Дом Берлиных — литературно-музыкальный салон

Республиканский научно-практический центр «Кардиология»

OZ.by — не только книжный магазин

Анатолий ПРИВАЛОВ


ТЫ РАЗБУДИЛ МЕНЯ

Рассказ

Кто знает, насколько сопоставимы два года и два дня?

За два года работы без отпуска удалось ему вырваться в Ленинград лишь на эти два дня, и были они первомайским праздником, суматошной отрадой и болезненным ощущением изменившегося себя. В бессонную кутерьму смешались лица, звонки, улицы, такси, объятия, застолья. Казалось: проснись — не выдержишь!

Когда же свалился на Олега этот непредставимый семимесячный отпуск, оказался он в лёгкой шоковой растерянности. Куда сначала: к дочке? к родителям? к друзьям? Но ведь бывает и так, что человек устаёт, устаёт выгребать на стремнине, когда ему становится необходимо просто расслабиться. И зачем принуждать себя сравнивать и выбирать? Улетая с севера, Питера не минуешь. Значит, решено: сначала к Ленинграду. За пять лет он стал родным, вошедшим в душу и отобравшим долгую сердечную привязанность. В нём теперь жили брат и сестра Олега, жили друзья, жили замечательно незабвенные Нина Михайловна и Анатолий Алексеевич. Только где остановиться? У брата ребёнок грудной, сестра в общежитии. А-а... Наташка свой человек, что-нибудь придумает. Интересно, какая она теперь. Повзрослела? О, да ей никак уже двадцать один! Эх, пролетело времечко, полысело темечко, как говорили древние греки. Вот обрадуется, чудачка. Столько не виделись, и такой сюрприз. Медсестрит, конечно, по-прежнему. Но теперь-то ей не надо мелочь свою в кафешке трясти. Да, Наталья, четвёртый механик — это не стриженый курсантик: отпускных и отгульных не одна тысяча. Ты у меня ахнешь! Прикидываться не буду, были женщины, были, да тебе-то что с этого? Жаль, в тот прилёт не позвонил даже, закрутился. Нет, здорово всё-таки как с неба свалиться, порадовать девчонку. Эй, корешок, так с неба и получится! Вообще-то она от одного звонка ошалеет. Ну, братцы-ленинградцы, даёшь Питер!

Но Питер долгожданный словно подзабыл его. В регистратуре ответили, что Славина давно уже в диспансере не работает. Пока же Олег приходил в себя, продолжая потерянно допытываться и ясно представляя эту старую мегеру, грозу неминучую всех медсестёр и молодых врачей, она с привычной злорадностью разнесла его по всем кочкам. И удивительно не то было, что Салтычиха узнала его по голосу, стоило только заикнуться о Славиной; в своё время за целый год он порядком-таки осточертел ей, мужененавистнице и свирепой хранительнице непорочности служебного телефона. То ли от его растерянности растаяла, то ли с Наташкой какое-то объяснение у них вышло на прощанье, но чтобы этот цербер в халате после противно-обычного «справок не даём» всё-таки выдала: «Ищите в поликлинике водников на Комсомольской площади. Всё!» — такое было не в её стиле.
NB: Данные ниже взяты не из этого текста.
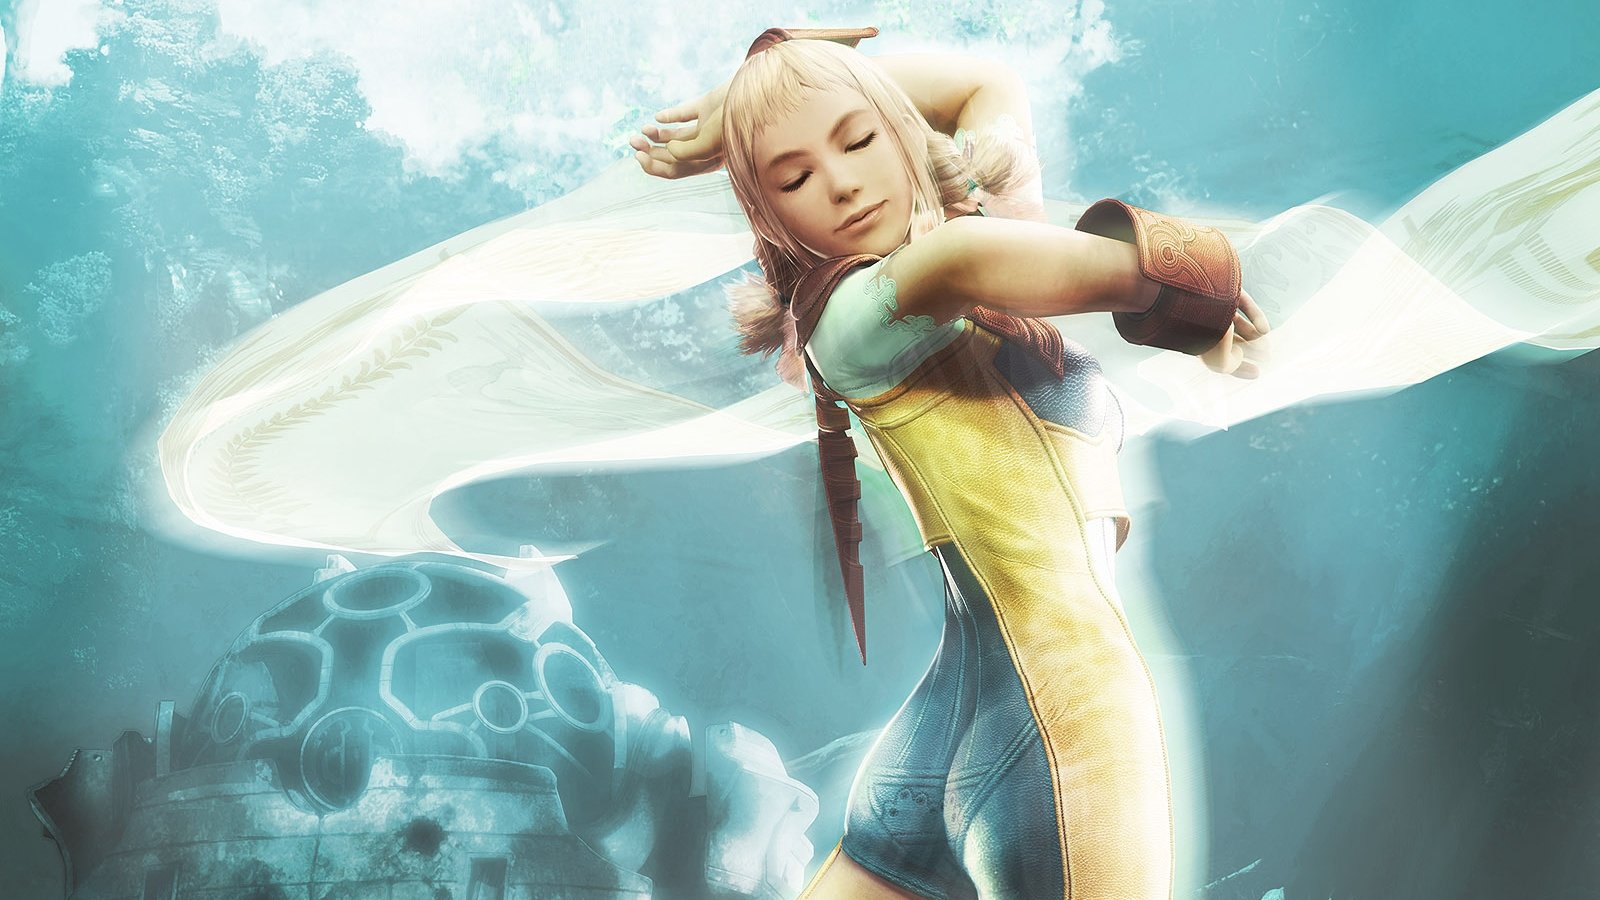 Awesome Final Fantasy Xii Free Wallpaper Id - Penelo And Vaan Ff Revenant Wings - HD Wallpaper

Вот это уже весело! Но что может быть решительней и бесповоротней задетого самолюбия? Его, уже третьего, считай, механика, загранзаплыв! — его бросают через левое бедро. Да ты что, сообщить не могла, копеек не наскребла на радиограмму? А может, специально работу сменила? Так у нас это не проходит, девочка, и тебе давно пора было убедиться, что...

Полтора дня только из женского каприза переменчивой погоды не проскакивала в ленинградском небе молния. Телефонисткам горсправки досталось меньше, но две смены регистратуры поликлиники и отдельных её кабинетов были нездорово взвинчены. Сдаваться он не собирался. Не затем трубил без отпуска, чтоб ему фигу казали. И вообще!..

— Ой, Олега, Олежка! Ты!! А я с начала смены у телефона трясусь. На полчаса раньше сегодня прибежала, как чувствовала. И ничего делать не могу, как сказали, -- сижу и жду. Нет, это серьёзно ты? Ты только не молчи, не надо, я прошу! Давно ты в Ленинграде?

Ну конечно, запела. А куда ты денешься! Нечего смываться было. Я тут нервы себе на кулак мотаю, ахинею всякую выслушиваю; как бобик у этого таксофона...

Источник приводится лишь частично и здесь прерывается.